# How do you simplify sqrt6 - sqrt 3?

May 29, 2016

$\sqrt{6} - \sqrt{3} = \sqrt{3} \left(\sqrt{2} - 1\right)$

#### Explanation:

This is already about as simplified as it could be.
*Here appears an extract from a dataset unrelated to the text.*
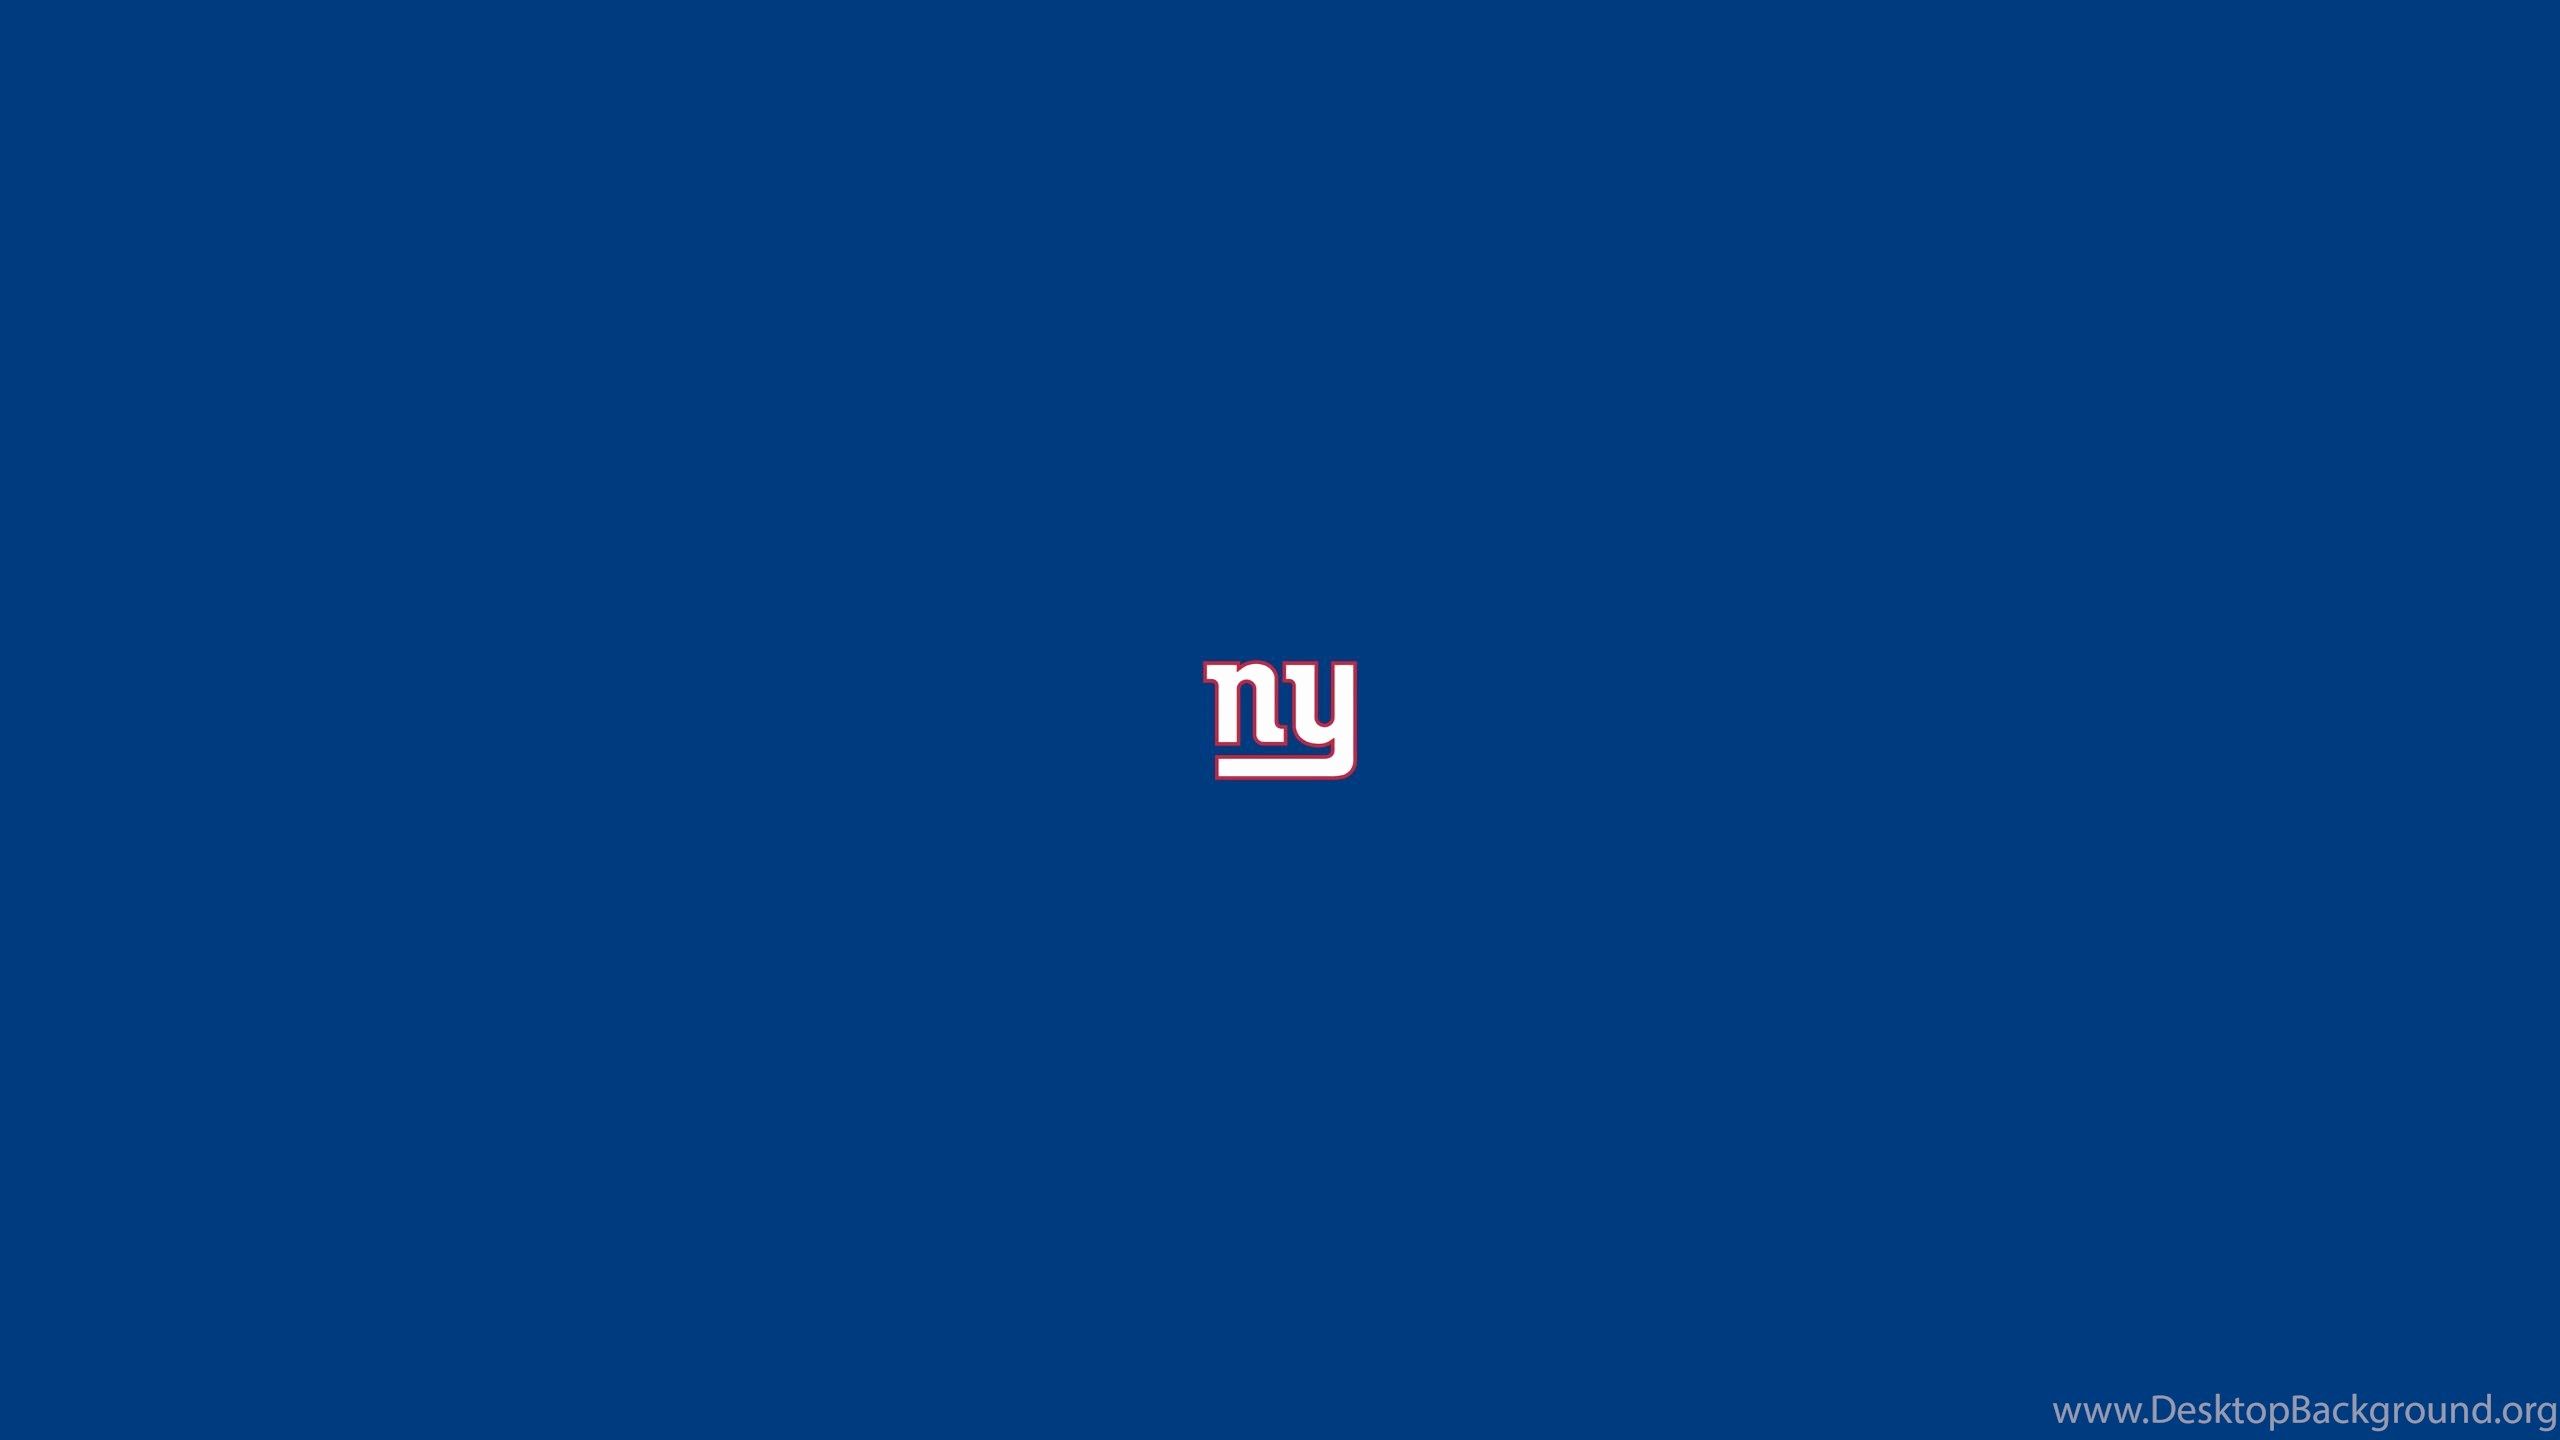 New York Giants Wallpaper Inspirational New York Giants Nfl Football

However, if you wanted to, this can be factored.

Recall that (for $a , b > 0$)

$\sqrt{a b} = \sqrt{a} \cdot \sqrt{b}$

Therefore we can say that

$\sqrt{6} = \sqrt{2 \cdot 3} = \sqrt{2} \cdot \sqrt{3}$

We can then rewrite the original expression:

$\sqrt{6} - \sqrt{3} = \left(\sqrt{2} \cdot \sqrt{3}\right) - \sqrt{3}$

Factor $\sqrt{3}$ from both terms:

$\left(\sqrt{2} \cdot \sqrt{3}\right) - \sqrt{3} = \sqrt{3} \left(\sqrt{2} - 1\right)$

I wouldn't go so far as to say that $\sqrt{3} \left(\sqrt{2} - 1\right)$ is a simplification of $\sqrt{6} - \sqrt{3}$, but they are equivalent statements. Using $\sqrt{3} \left(\sqrt{2} - 1\right)$ may be helpful in simplifying more complicated expressions, such as:

$\frac{\sqrt{6} - \sqrt{3}}{\sqrt{10} - \sqrt{5}} = \frac{\sqrt{3} \left(\sqrt{2} - 1\right)}{\sqrt{5} \left(\sqrt{2} - 1\right)} = \frac{\sqrt{3}}{\sqrt{5}} = \frac{\sqrt{3}}{\sqrt{5}} \left(\frac{\sqrt{5}}{\sqrt{5}}\right) = \frac{\sqrt{15}}{5}$